No pudo el hado inexorable avaro, Por más que usó de condición proterva, Arrojándote al mar, sin propio amparo Entre la mora desleal caterva Hacer, Cervantes, que tu ingenio raro, Del furor inspirado de Minerva, Dejase de subir á la alta cumbre, Dando altas muestras de divina lumbre.

Antes que Espinel, explicó estos mismos pensamientos Luis Gálvez de Montalvo, en uno de los sonetos que preceden á _La Galatea_, que dice así:

Mientras del yugo sarraceno anduvo Tu cuello preso, y tu cerviz domada, Y allí tu alma al de la fe amarrada Á más vigor, mayor firmeza tuvo.

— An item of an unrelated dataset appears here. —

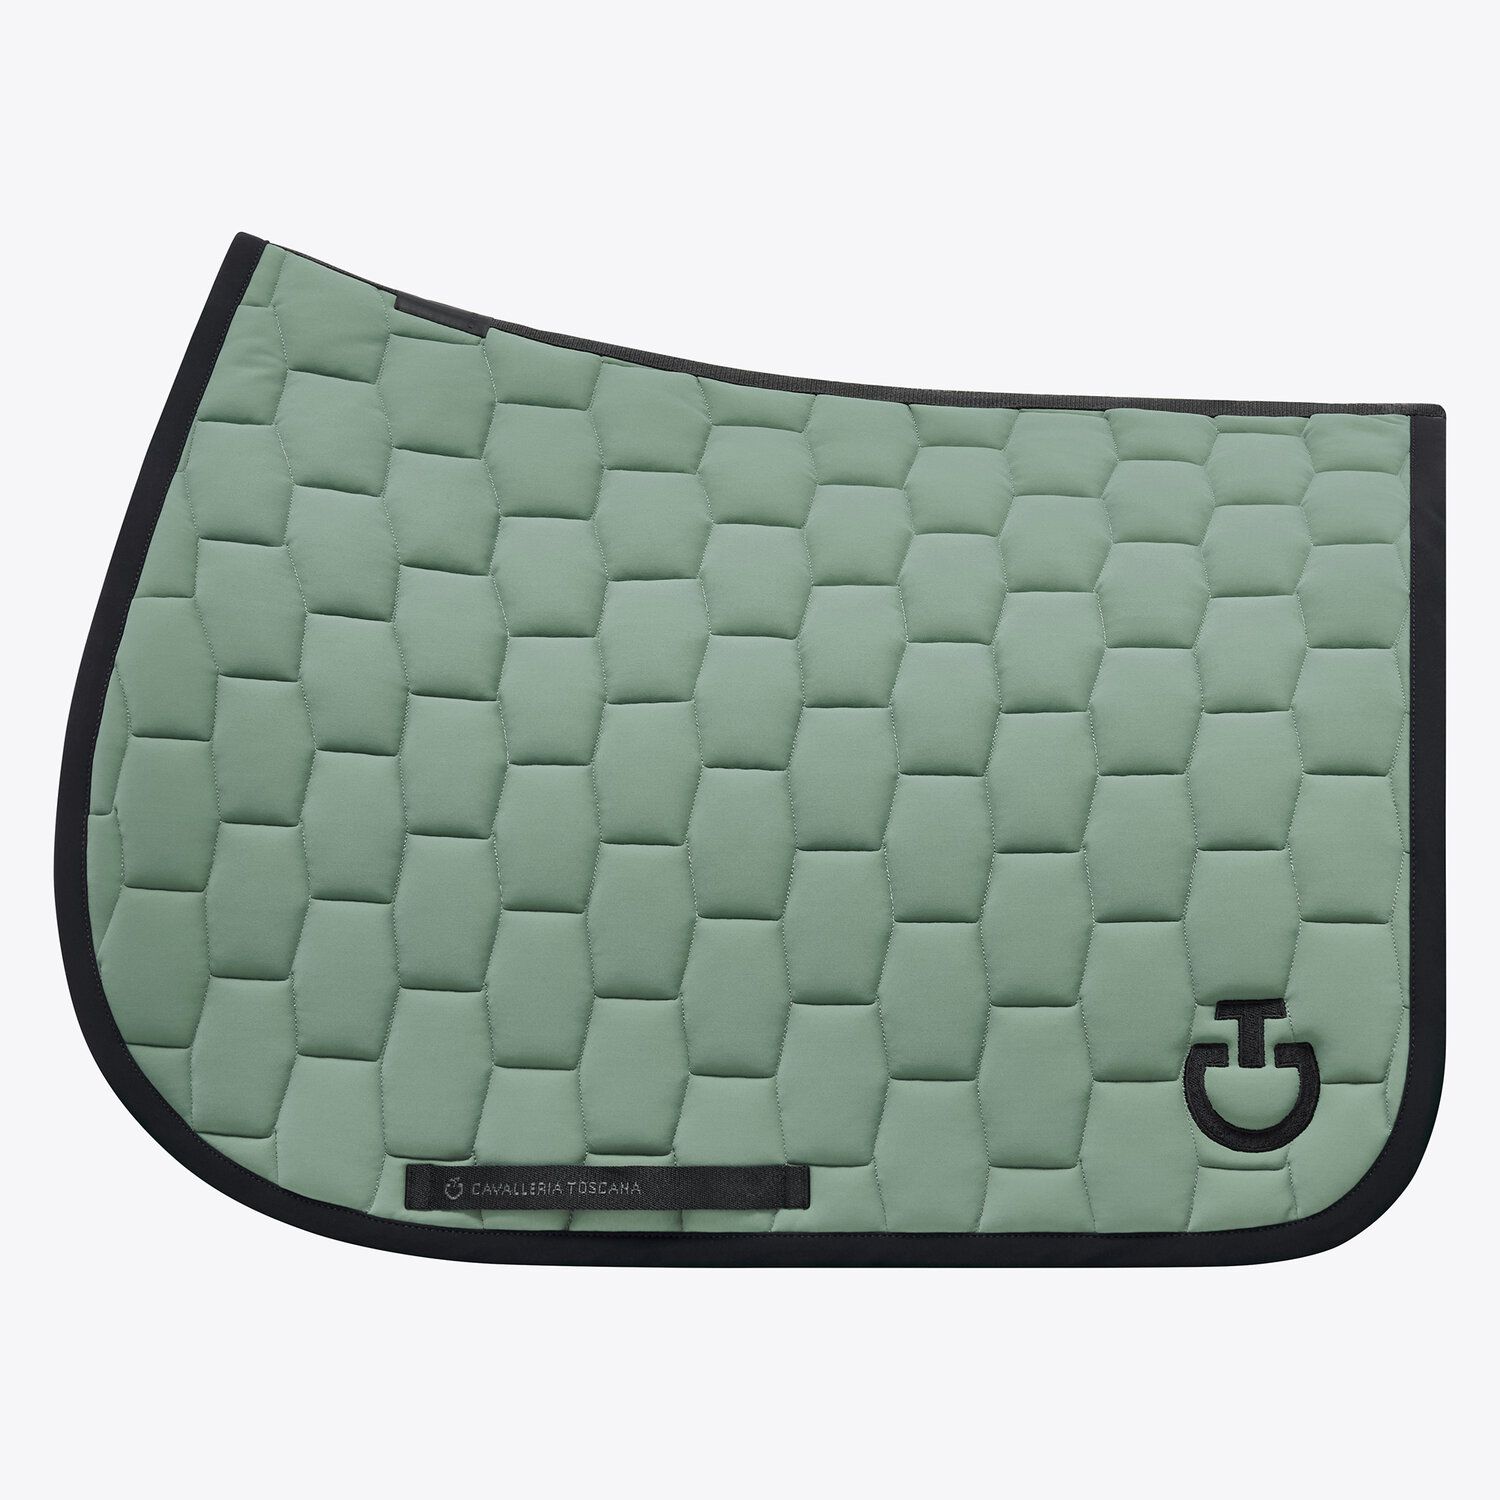 Cavalleria Toscana Quilted cotton saddle pad EMERALD GREY-1

Gózase el cielo, mas la tierra estuvo Casi viuda sin ti, y desamparada De nuestras musas la real morada, Tristeza, llanto, soledad mantuvo. Pero después que diste al patrio suelo Tu alma sana, y tu garganta suelta Dentre las fuerzas bárbaras confusas, Descubre claro tu valor el cielo, Gózase el mundo en tu felice vuelta, Y cobra España las perdidas musas.

La conclusión de este soneto prueba que Miguel de Cervantes Saavedra, aun antes de ser cautivo, era ya tenido en España por uno de los más ilustres poetas de su tiempo.

13. Pero como el informe que se tiene por los oídos no suele ser el más exacto, quiso Cervantes sujetarse al riguroso examen que hacen los juicios de los lectores en vista de las obras. En el año 1584, publicó LOS SEIS LIBROS DE _La Galatea_, los cuales ofreció, como primicias de su ingenio, á Ascanio Colona, entonces abad de Santa Sofía, y después presbítero cardenal, con el título de la Santa Cruz de Jerusalén. Don Luis de Vargas Manrique celebró esta obra de Cervantes con un soneto, que por ser mucho mejor que los que suelen hacerse, le pondré aquí:

Hicieron muestra en Vos de su grandeza, Gran Cervantes, los dioses soberanos: Y, cual primera, dones inmortales Sin tasa os repartió Naturaleza. Jove su rayo os dió, que es la viveza De palabras que mueven pedernales. Diana, el exceder á los mortales En cantidad de estilo con presteza. Mercurio, las historias marañadas. Marte, el fuerte vigor que el brazo os mueve. Cupido y Venus, todos sus amores. Apolo, las canciones concertadas. Su ciencia las hermanas todas nueve, y al fin, el dios silvestre, sus pastores.